Они говорили гораздо больше — это был славный распев, в котором я почти не понимал ни слова: Петруха о чем-то энергично ныл и в конце каждой фразы ему вторил размеренный раскат. Я послушал их, но дело было не в языке, не в произношении, и, уж конечно, они не говорили стихами, однако смысл этой речи мною только реконструируется. В другое время я бы уже ужаснулся этой встрече, но сейчас меня беспокоило только — не встретил бы Шерстнев такое же приключение по дороге, и не разбудили бы эти двое Юлию, которая, не меняя позы, мирно спала, и белые шпильки ее каблуков ближе всего находились к ногам второго. Задень он скамейку этой ногой, она бы не опрокинулась, но съехала с места. Именно второй и разглядел мою блаженную неодинокость в этот час, у этого пруда.
— Да я уже понял, — ответил первый. — Вот надо было обязательно выбирать нашу скамейку? Даму можно было бы повести под иву, там совсем все закрыто.
Я поднес палец к губам.
Петруха, говоря о том, что я его еще не знаю (что сулило только одну степень знакомства) подошел к моей стороне скамейки и быстрыми пальцами зашуршал между верхних планок у меня за ухом. Я не повернулся, ведь Юлия еще спала. Он обошел угол и передо мной вставил в зубы наполовину укороченный белый столбик, а после зажженной спички все пропало из вида.

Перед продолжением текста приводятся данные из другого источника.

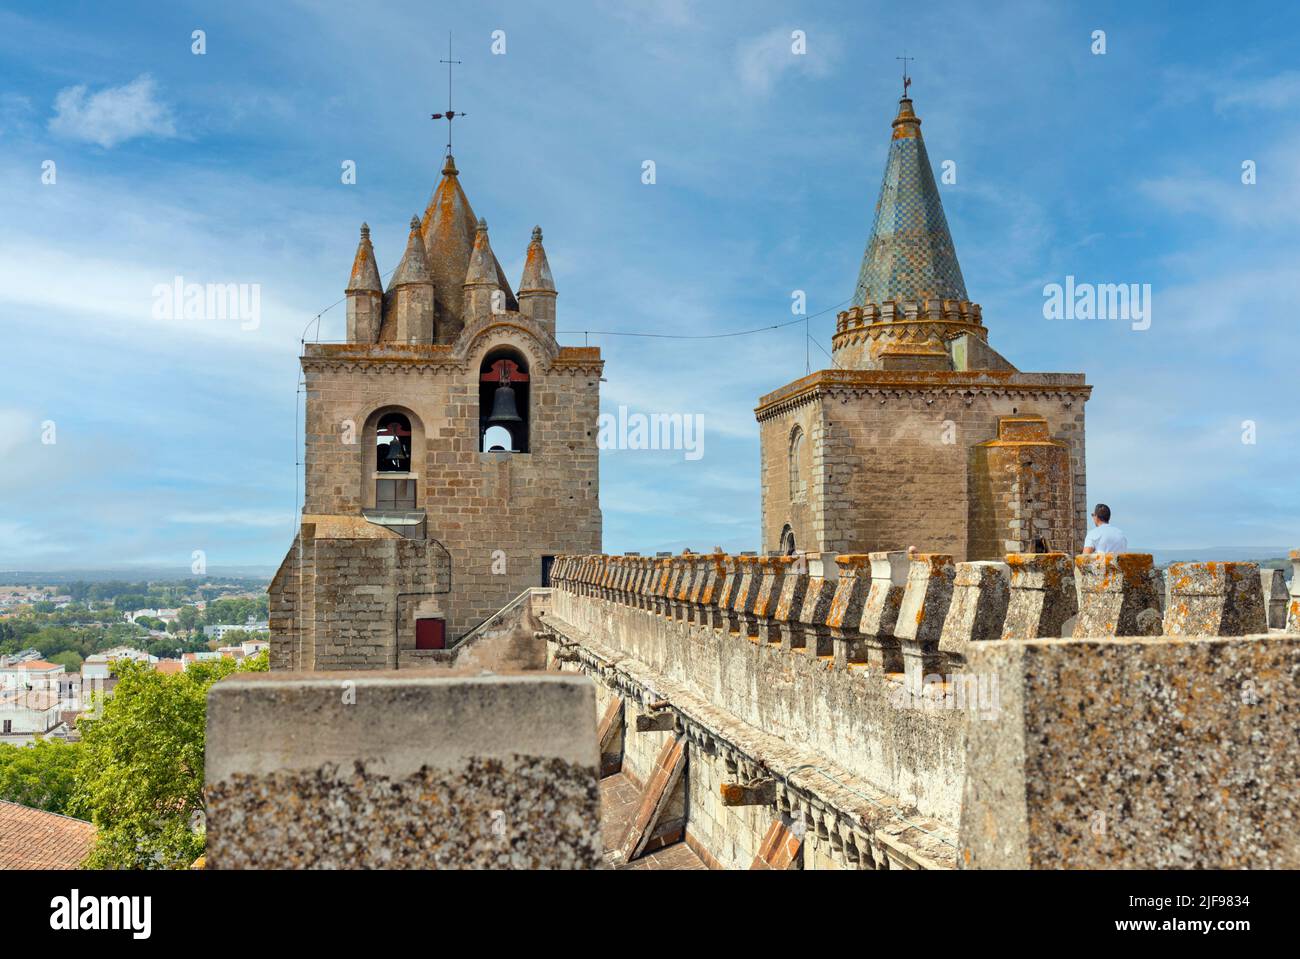 Views from rooftop of Evora cathedral, built between the 12th and 18th centuries in Romanesque, Gothic, Manueline and Baroque architectural styles.  E Stock Photo

— Ой, простите! — с неестественным смущением гулко выдохнул второй.
Первый наклонился к Юлии:
— Спит, что ли?
— А я что говорю, — мягко зашептал я.
— Да мы не поняли. Браток, просто тут моя скамейка. Ко мне друг приехал.
Второй хрипло выдохнул всеми органными мехами, вторично закуренная папироса смрадно дымила, и я тоже подумал было закурить, но почему-то не знал, есть ли у меня сигареты.
— Пусть спит, — галантно прогундосил Петруха и сплюнул в пруд, — мы на другую пойдем. Стакан у меня, я его тут обычно на веточку надеваю.
— Хорошая барышня, — с зловещей нежностью и с каким-то грустным опытом пробасил второй. — Когда проснется, передай от нас подарок.
Он протянул мне свой пакет, и по темноте прошумел белый шар, обрастая нежными очертаниями, и аромат цветов ударил в лицо всеми дождями, всеми уверениями свежести. Это был огромный букет только что собранных пионов, белых, с невероятно плотными лепестками и избыточной длиной стеблей. Я тут же взял его в руки — не потому что легко принял подарок, а потому что сама рука была неосознанно рада подержать это неожиданное чудо. На такое количество теплых стеблей еле хватало одной моей хватки.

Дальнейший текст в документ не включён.